A pack captures the parts of a workflow that should not have to be rediscovered on every run: procedure order, UI element names, common false paths, application-specific quirks, and recovery rules.

The loop starts with real failures, not a task description:

Prompt pack refinement pipeline: task corpus → baseline runs → failure traces → teacher LLM refinement → candidate SKILL.md → re-eval → accepted pack, with a loop from re-eval back to teacher LLM refinement when rejected

Task corpus. Per skill we curate task instances that share a coherent workflow shape and vary on workflow-relevant axes. The point is data variation on a single workflow shape, not training across different workflows.

Baseline eval. Run the agent against the train set with no pack, only the agent's bare default behavior. The failure traces from this run become the input to the first refine call.

Refine. A teacher LLM reads the agent's actual failure traces and diagnoses what went wrong. It then writes or edits the workflow pack, addressing the specific failures the agent exhibited: wrong page, wrong field, wrong order, brittle recovery, or a false path that looked plausible in the UI.

Iterate.

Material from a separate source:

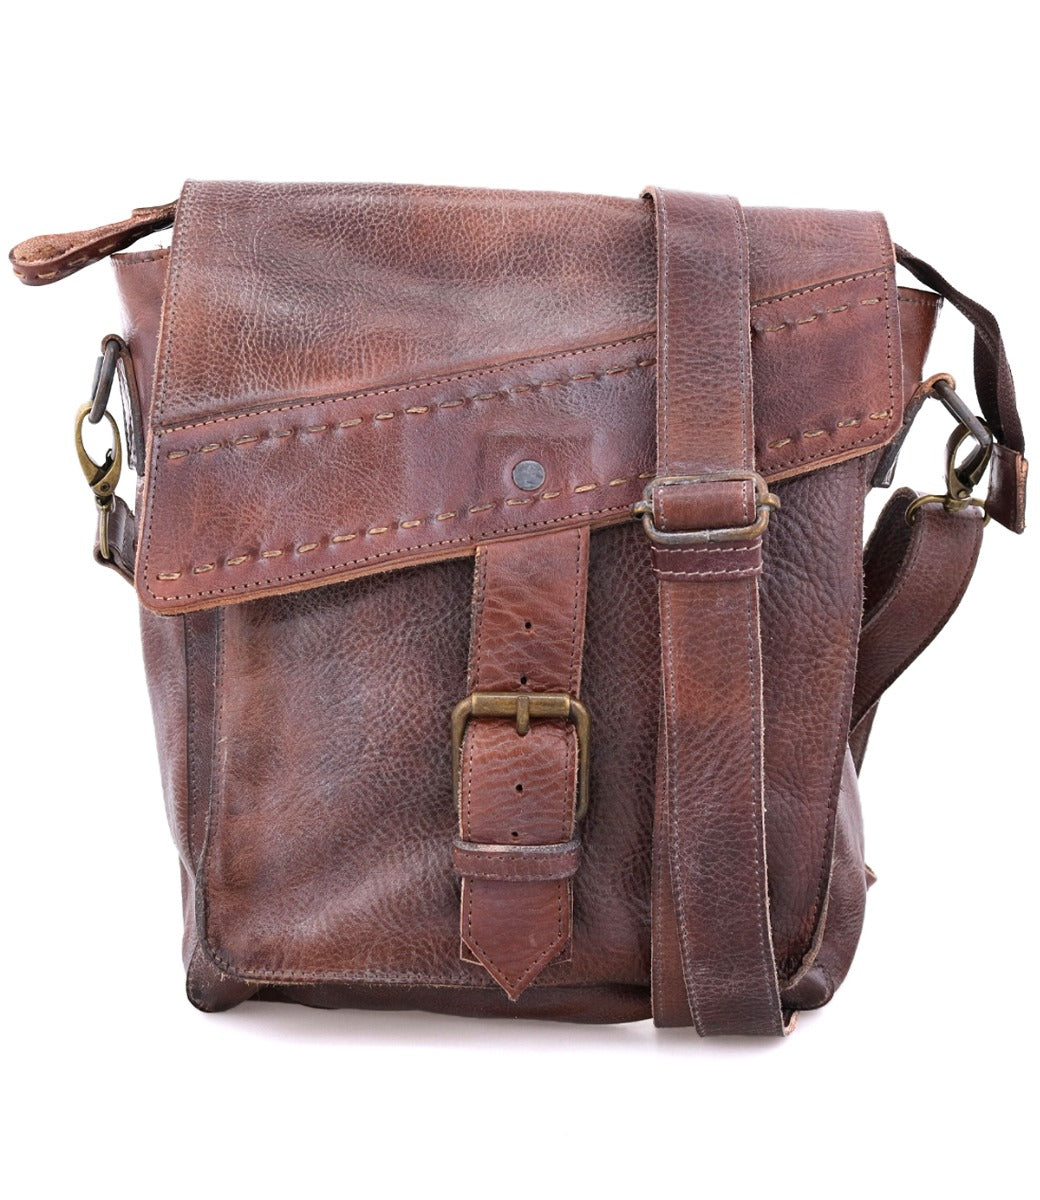 A Bed Stu Ainhoa brown leather messenger bag with an adjustable strap and zip-top closure.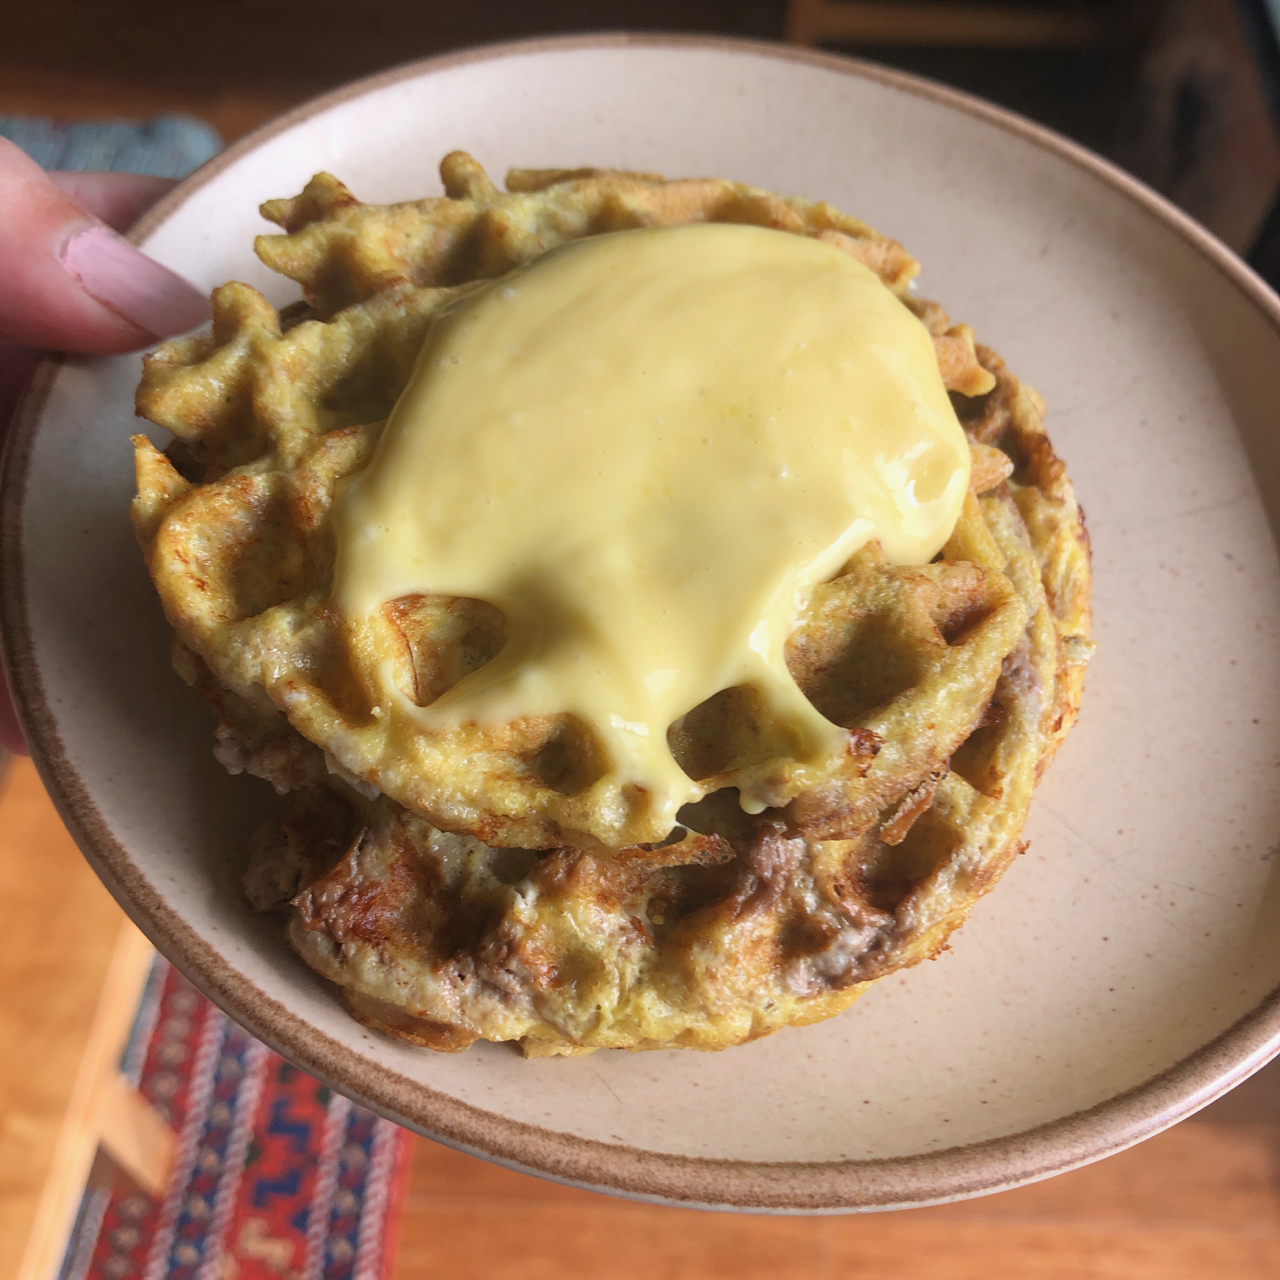 My Last Supper (Carnivore Waffles and Carnivore Hollandaise Sauce, courtesy of Maria and Craig Emmerich's new Carnivore Cookbook).

Re-test the candidate SKILL.md. Accept the edit only when it improves behavior; otherwise reject it and try another edit. Stop when train passes or the iteration cap is reached.

In production we run the distillation loop N times in parallel and ship the highest-scoring converged pack — a small implementation detail that makes the deliverable robust against single-run sampling variance in the teacher LLM.


Why this architecture

Desktop automation is reasoning-sensitive. OSWorld and WindowsAgentArena leaderboards show a wide gap between frontier reasoning models and faster, cheaper ones on identical workflows. Reasoning at inference time is doing real work.

That creates a deployment economics problem: the most reliable agent on a workflow is often also the most expensive one to run. Prompt packs may help amortize that reasoning across repeated workflows by making recurring constraints explicit.

There are two broad ways to improve an agent on a recurring UI workflow: change the model, or change what the model sees. For recurring workflows, we want the agent to get better without shipping a new model for every customer workflow. That points us toward token-space learning: improve the workflow instructions the model sees at inference time, while leaving the model weights alone.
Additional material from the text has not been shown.